Objects <~4 M_Jup orbit metal-rich stars, indicating core accretion.

Objects >~10 M_Jup do not share this property, suggesting a different formation process.

Maximum mass for core accretion planets is less than 10 M_Jup.

Abstract

Celestial bodies with a mass of M ~ 10 M_Jup have been found orbiting nearby stars. It is unknown whether these objects formed like gas-giant planets through core accretion or like stars through gravitational instability. I show that objects with M <~ 4 M_Jup orbit metal-rich solar-type dwarf stars, a property associated with core accretion. Objects with M >~ 10 M_Jup do not share this property. This transition is coincident with a minimum in the occurrence rate of such objects, suggesting that the maximum mass of a celestial body formed through core accretion like a planet is less than 10 M_Jup. Consequently, objects with M >~ 10 M_Jup orbiting solar-type dwarf stars likely formed through gravitational instability and should not be thought of as planets. Theoretical models of giant planet formation in scaled minimum-mass solar nebula Shakura--Sunyaev disks with standard parameters tuned to produce giant planets predict a maximum mass nearly an order of magnitude larger.

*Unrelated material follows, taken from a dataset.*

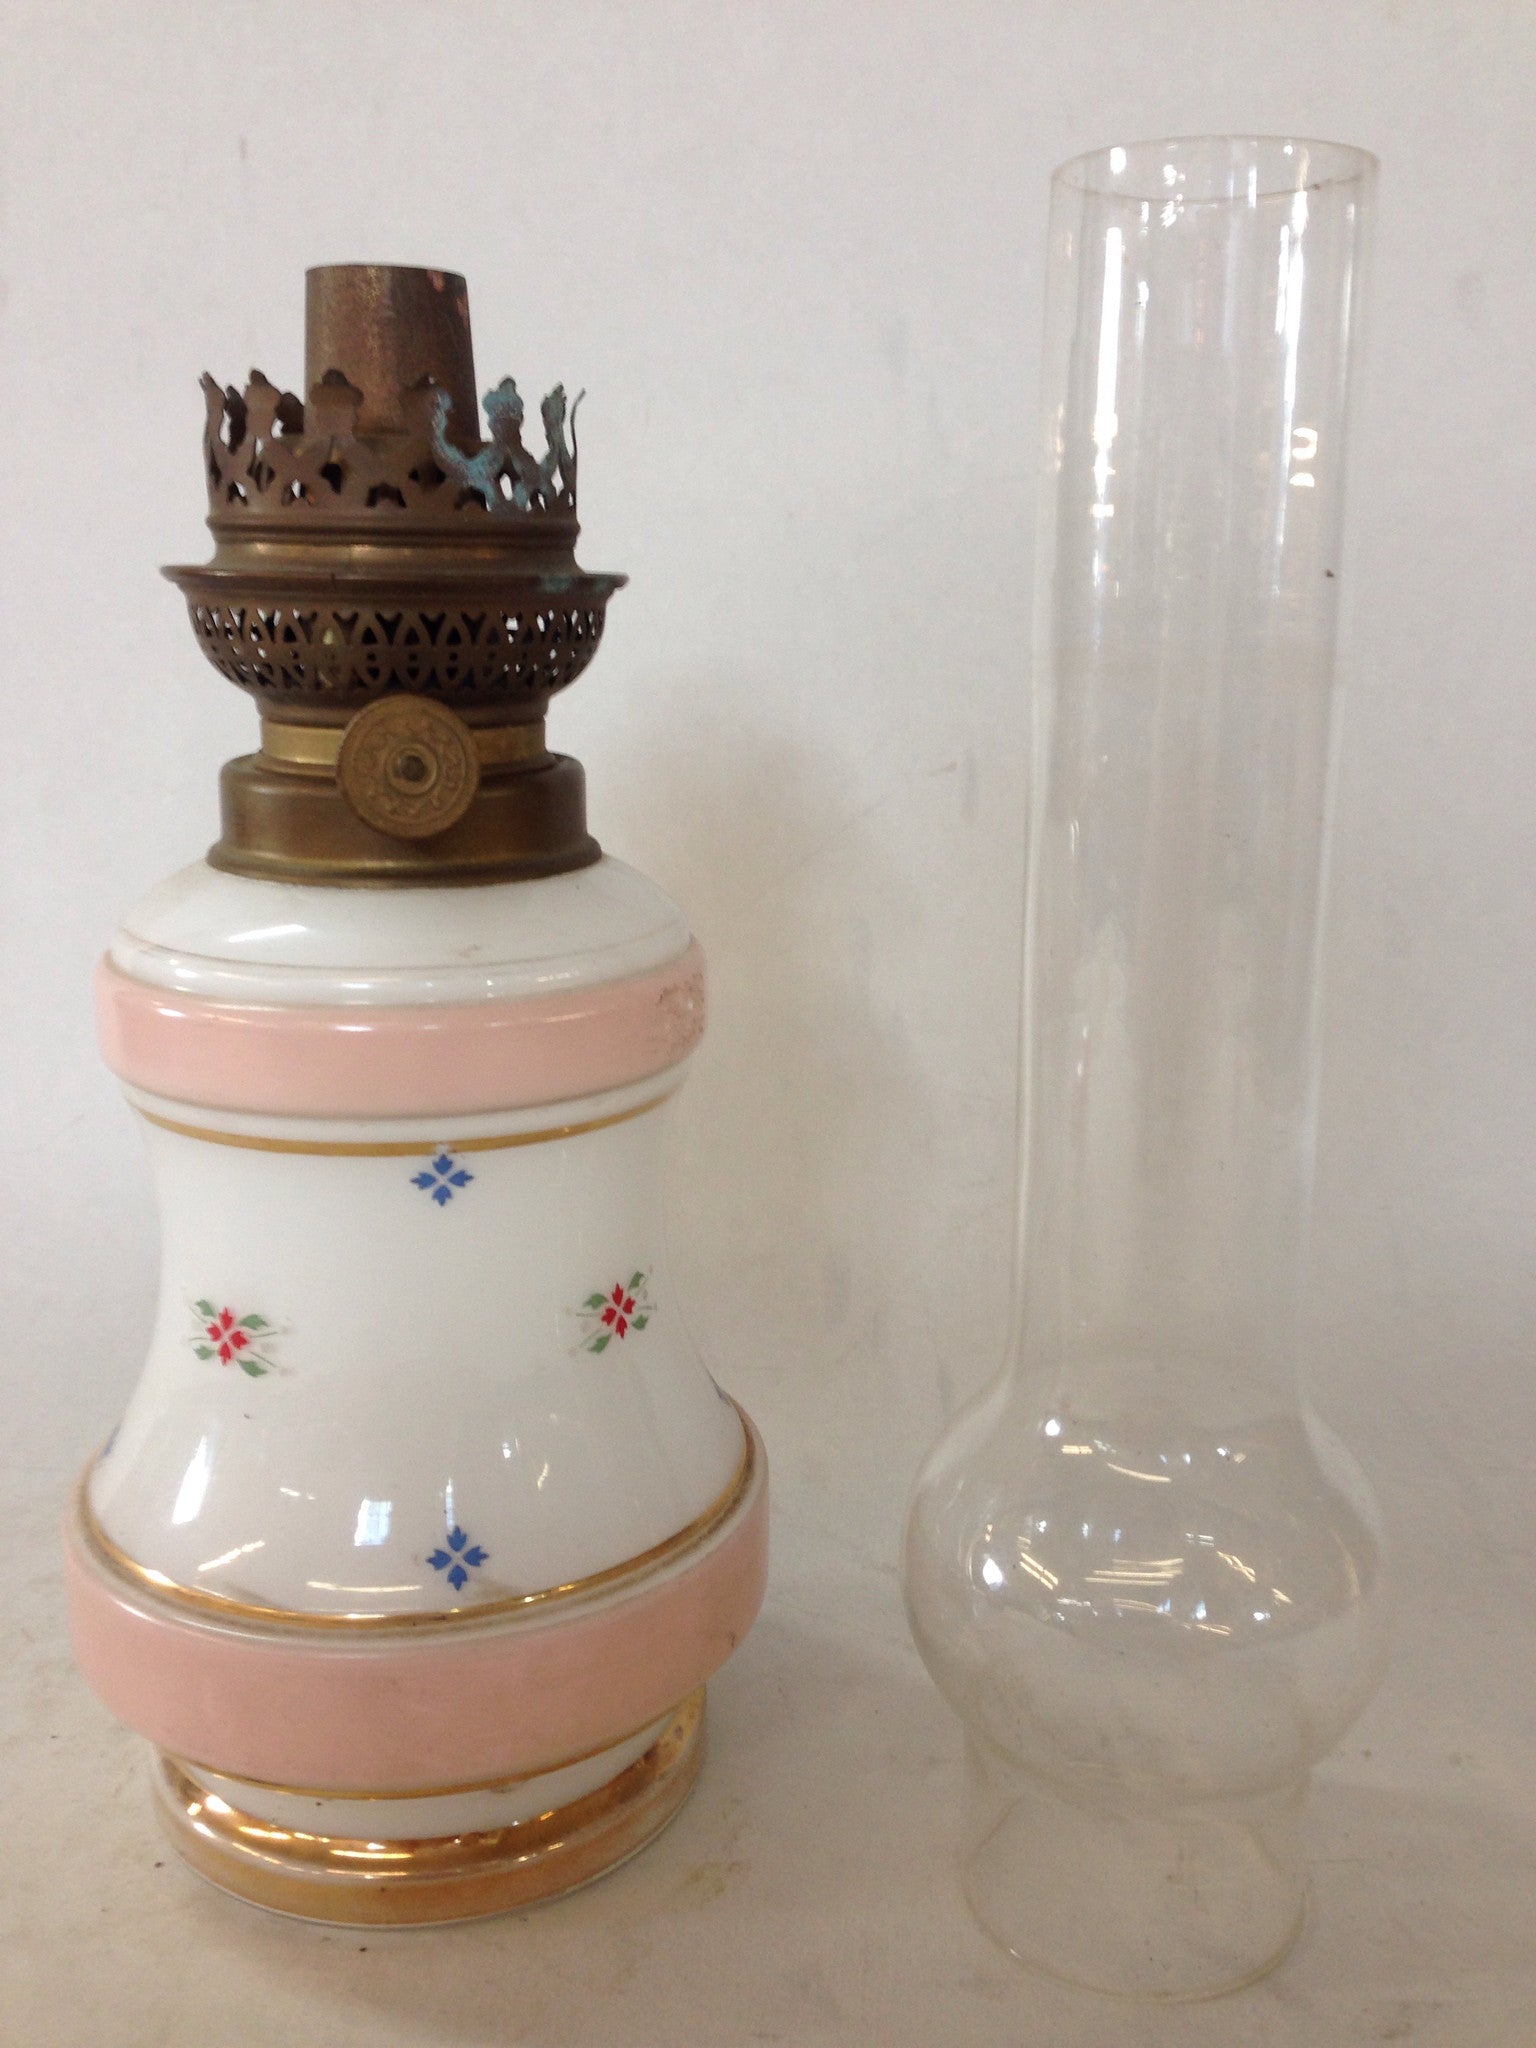 1900's Opaline Glass Oil Lamp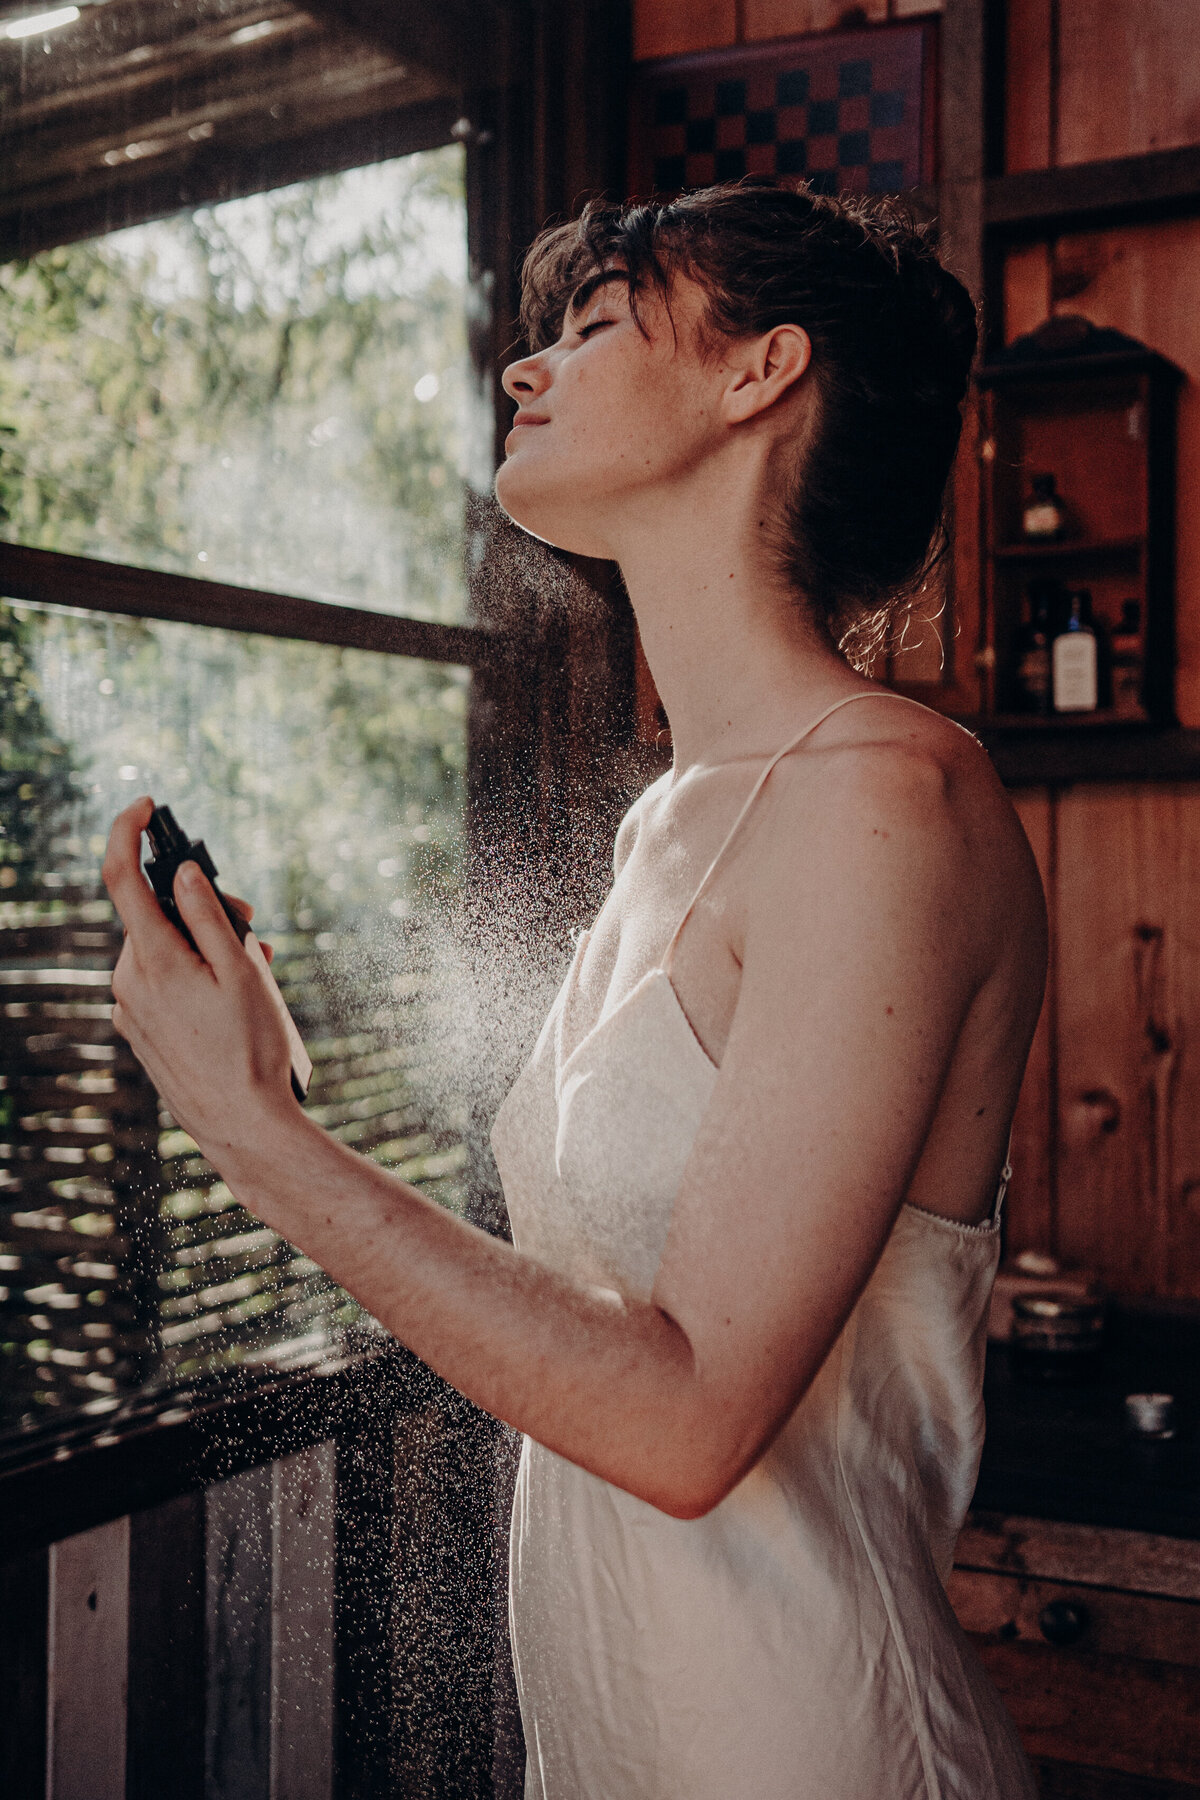 Female model spraying oil on her skin.

To prevent newly formed giant planets from growing larger than 10 M_Jup, protoplanetary disks must therefore be significantly less viscous or of lower mass than typically assumed during the runaway gas accretion stage of giant planet formation. Either effect would act to slow the Type I/II migration of planetary embryos/giant planets and promote their survival. These inferences are insensitive to the host star mass, planet formation location, or characteristic disk dissipation time.